さまざまな法人格が介護事業を運営していますが、私の経験でいうと、「社会福祉法人」は比較的賞与の月数を固定しているケースが多く、「株式会社」などは業績連動で支給率や額が変動しているところが多い気がします。一定なのか上下動があるかの違いなので、一概にどちらが良いとは言えません。

そして、いずれの場合でも、それを職員に等しく分配するかどうかも、事業所次第なのです。半期ごとに賞与を支給している事業所を例にとると、半期ごとの人事考課を行い、支給額の査定をされるところが多いようです。

■ボーナス金額の決まり方の一例

私が関わってきたところでは、人事考課を行うときに、「人事考課表」や「人事評価表」と言われるものを使い、自己評価→第一次評価→第二次評価→最終評価というプロセスを経て、個々の支給額が決定するという仕組みでした。第一次評価は直属の上司、第二次評価はその上の上司というように、評価者の役職があがっていき、組織全体の評価バランスが整っていく形となります。

ズバリ、ボーナスの金額をアップさせるには?

■法人が定める賞与の決め方を確認しましょう!

皆さんに気にしてほしいのは各法人の賞与の決め方です。もちろん完全に固定されている事業所もありますが、金額が変動するところの多くでは、「人事考課表」に記されている項目で評価が行われます。

人事考課表の項目とは、各組織が求めるものであり、職員さんに目指してほしい姿が明示されているのです。つまり、半年ごとの自己評価のときだけ、それを見るのではなく、常日頃からそれを意識し、実践することが、組織が求める職員像に近づくこととなり、結果的に賞与額に反映されていくと思います。

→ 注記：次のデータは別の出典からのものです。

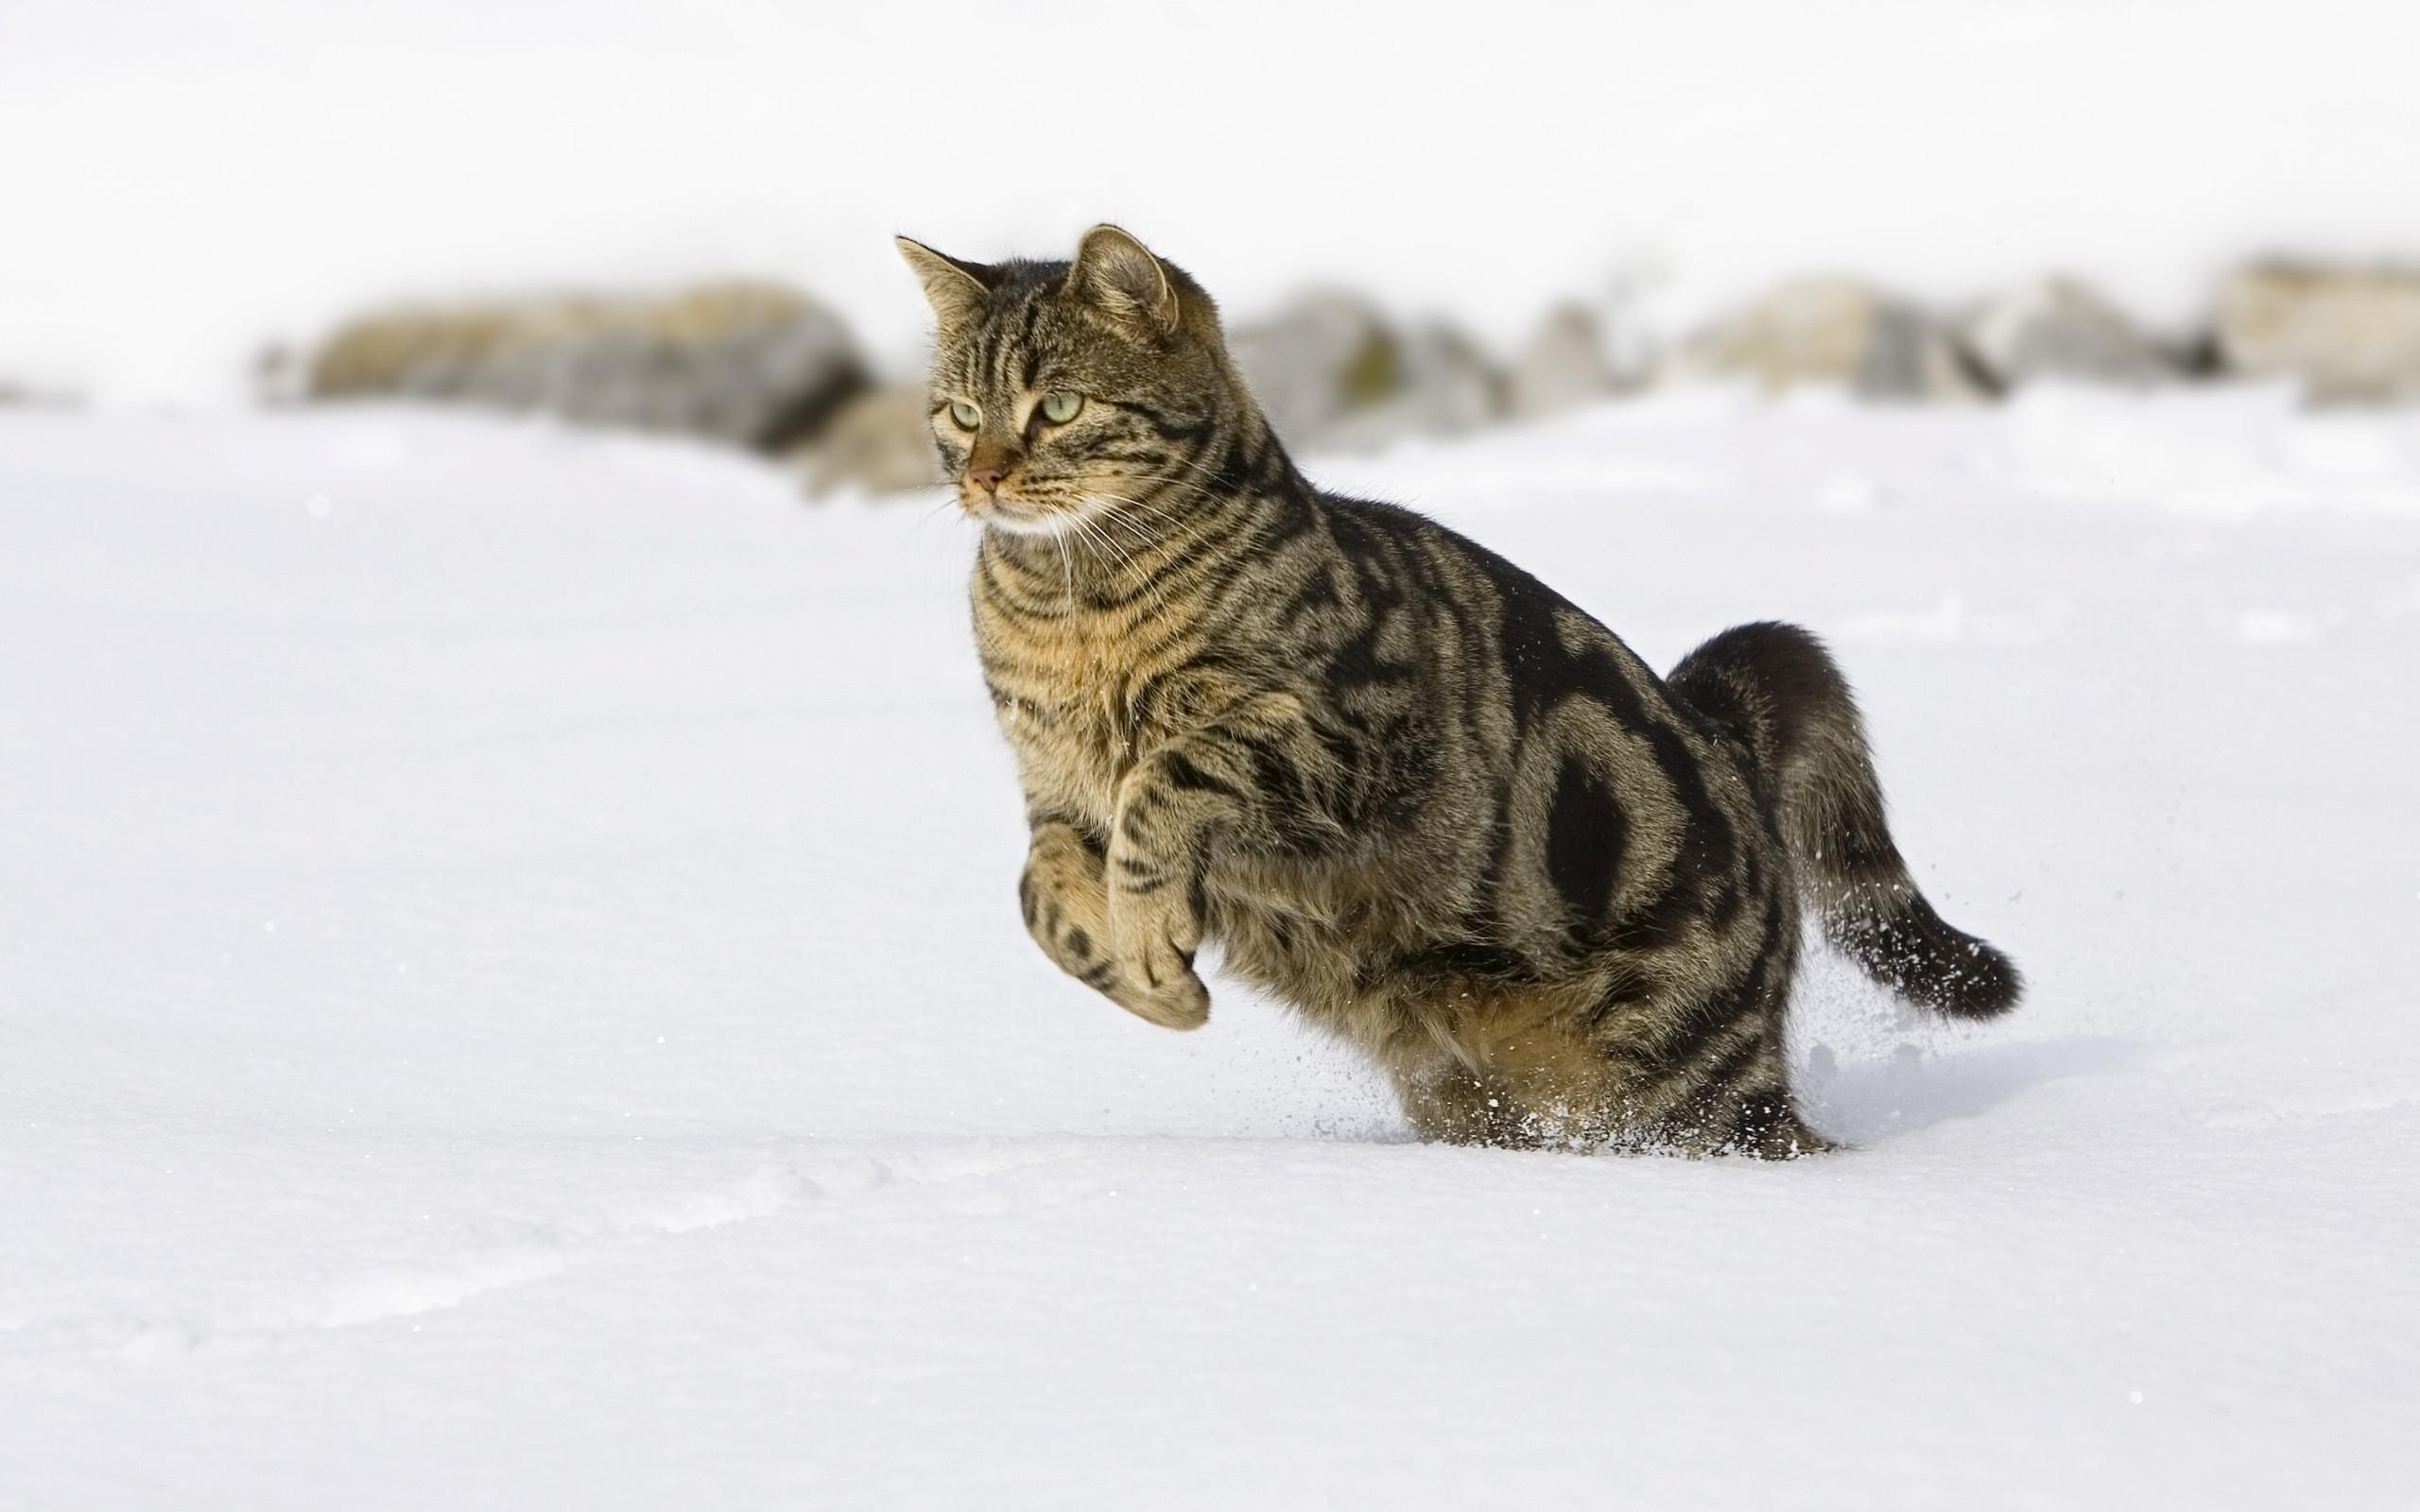 27531 обои 720x1520 на телефон бесплатно, скачать картинки Кошки (Коты, Котики), Животные 720x1520 на мобильный
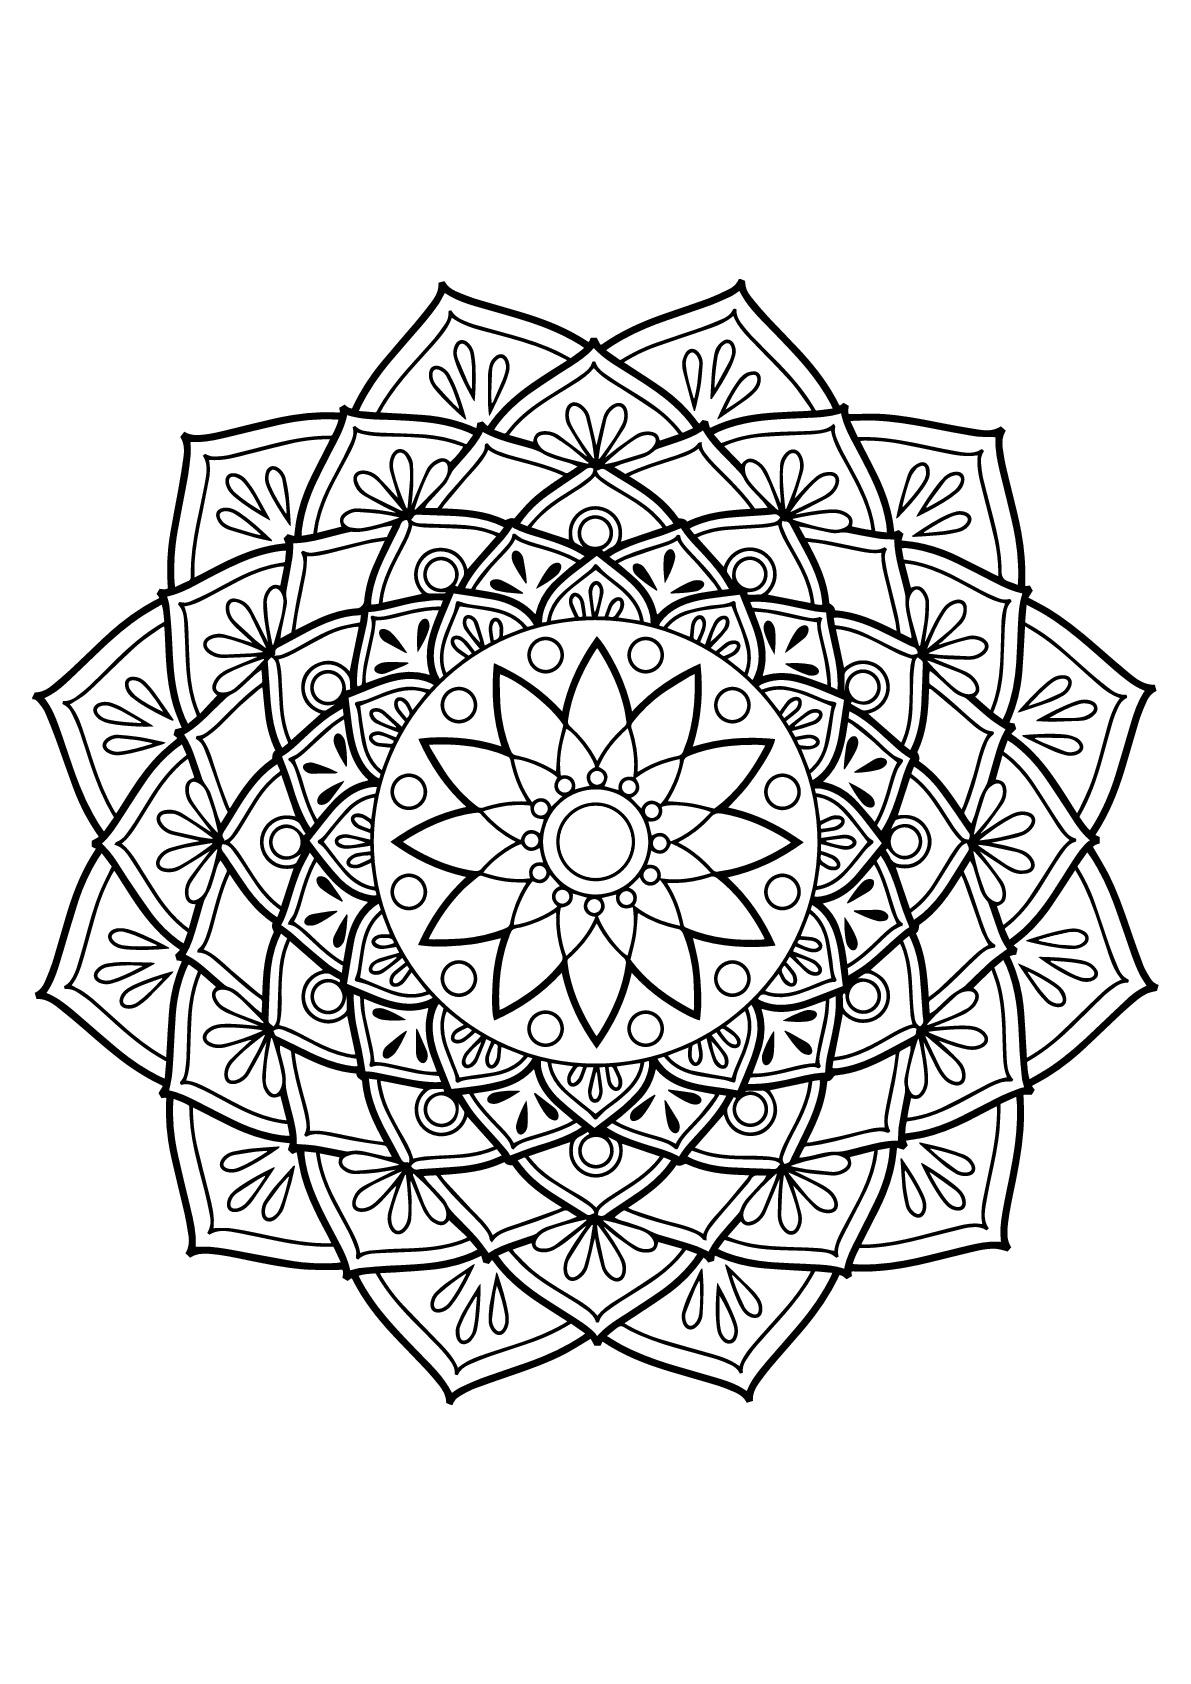 Mandala Livre Gratuit 19 - Mandalas - Coloriages avec Coloriage Mandala Adulte A Imprimer

多くの方々が、「人事考課表」をそのような形で意識し、実践することが、自分自身も組織も成長していくこととなり、「賞与」や「人事考課」が職員一人一人のモチベーションアップに繋がっていくと思います。

■賞与額をあげたい、賞与がほしいという場合は転職も視野に入れましょう

また、賞与がない事業所で働いており、ほしいと思っている方は賞与がある事業所に転職することも1つの選択肢でしょう。

しかし、賞与があることがすべてではありません。給与の面でいえば年収で考えたときにどうかであったり、利用者さんとの関係でいえば自分の行いたい介護ができる事業所であるかなど。

それらを確認したうえでも、より条件に合い、自分が生き生きと働ける環境であれば転職をすることも選択肢の1つになります。

ボーナスは、仕事への向き合い方を変化させる機会

単に金額の多い少ないで一喜一憂するのではなく、賞与の意義やその背景を考えた向き合い方をしてみてはいかがでしょうか。

それが、自分自身の働き方や、仕事や組織への向き合い方が良い方に変化するきっかけになるかもです。
是非とも、しっかりと成長して、たっぷりと賞与をもらってくださいませ。

まとめ:ボーナス額だけにとらわれず、さまざまな要素を考慮して判断を

ボーナスの額やもらえる回数は、多いに越したことはありません。
介護施設への就職や転職を考える際には、求人票などをよく確認して、今回ご紹介した情報を参考に、ボーナス額が少しでも多いところを選ぶとよいでしょう。

ただし、職場選びで考慮すべきポイントはボーナスだけではありません。
事業所によっては、基本給が少ない代わりにボーナスを高めに設定している場合もあります。

また、基本給やボーナス額が高い施設ほど、要介護度の高い利用者が多く、重労働になる傾向があるのも現実です。
ボーナス額だけでなく、基本給や職場環境、サービス形態、利用者の要介護度など、さまざまな要素を考慮して、自分に合った勤務先を選ぶことが大切です。